Com a abdicação de D. Pedro, a 7 de abril de 1831, Odorico Mendes exerce influência na escolha dos membros da Regência e votou em favor da manutenção da monarquia. Embora acalentasse ideais republicanos, reconhecia a imaturidade das instituições para permitir a implantação imediata da república, até porque o recente exemplo do que aconteceu em Portugal após o período revolucionário de 1820-1822 recomendava cautela. De fato, a antiga metrópole, depois dos tempos revolucionários do Vintismo(*), caíra nas mãos reacionárias do rei absolutista D. Miguel.
Nesse período escreve em vários jornais do Rio de Janeiro, de São Paulo e do Maranhão, sendo reeleito com ampla margem para um segundo mandato, agora obtido sem o apoio do governador do Maranhão.

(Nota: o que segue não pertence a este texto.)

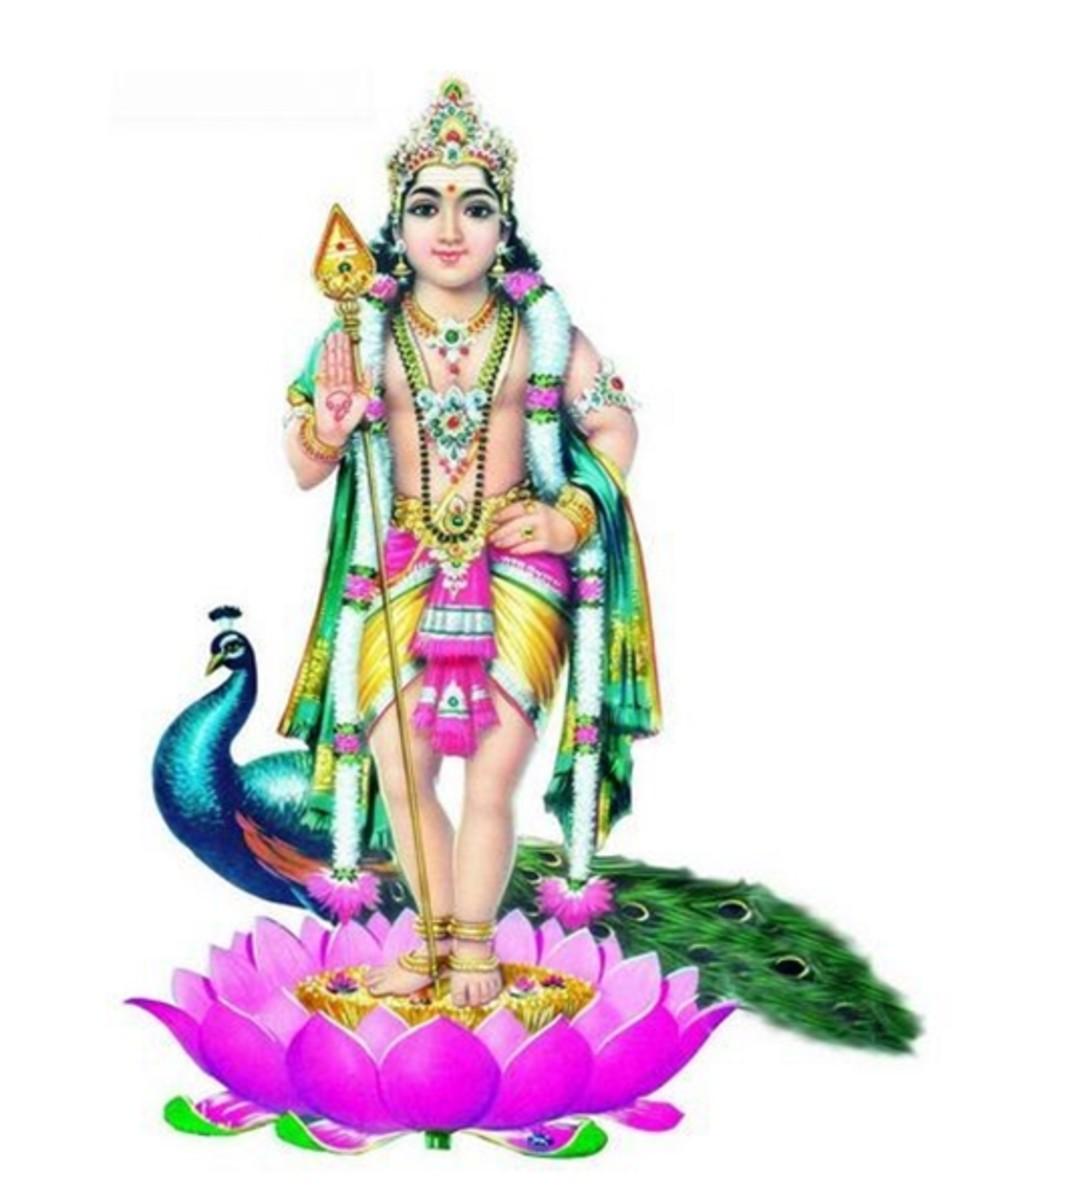 Mantras of Murugan (Lord Kartikeya)

Em 1833, em plena Regência, concorre ao terceiro mandato e é estrondosamente derrotado. É o resultado da posição moderada que assumiu após a revolução, quando apoiou a anistia dos apoiadores do regime deposto e a manutenção da ordem constitucional, contrariando o revanchismo reinante. Embora a sua posição tivesse prevalecido, a moderação que demonstrou acabou por esmaecer-lhe o prestígio de político liberal que lhe devotava o Maranhão. Contudo, no ano seguinte foi chamado para ocupar uma vaga deixada por um deputado que fora nomeado senador, regressando assim à Câmara. Terminado o mandato, passa a exercer funções na Fazenda, prosseguindo uma carreira devotada ao jornalismo e à literatura.
Depois de um longo hiato na atividade parlamentar, em 1845, já no Segundo Império, é novamente eleito, agora pela província de Minas Gerais. Exerce o mandato sem o arrebatamento que o notabilizara nas primeiras legislaturas, moderado pelo tempo e pela evolução política.
Finda a legislatura, em 1847, já viúvo e aposentado, com os cinco filhos e a irmã Mitilina, muda-se para a França, onde se dedica inteiramente à vida literária, abandonando em definitivo a atividade política.
(*) – Vintismo é a designação genérica dada à situação política que dominou Portugal entre Agosto de 1820 e Abril de 1823, caracterizada pelo radicalismo das soluções liberais e pelo predomínio político das Cortes Constituintes, fortemente influenciadas pela Constituição Espanhola de Cádis.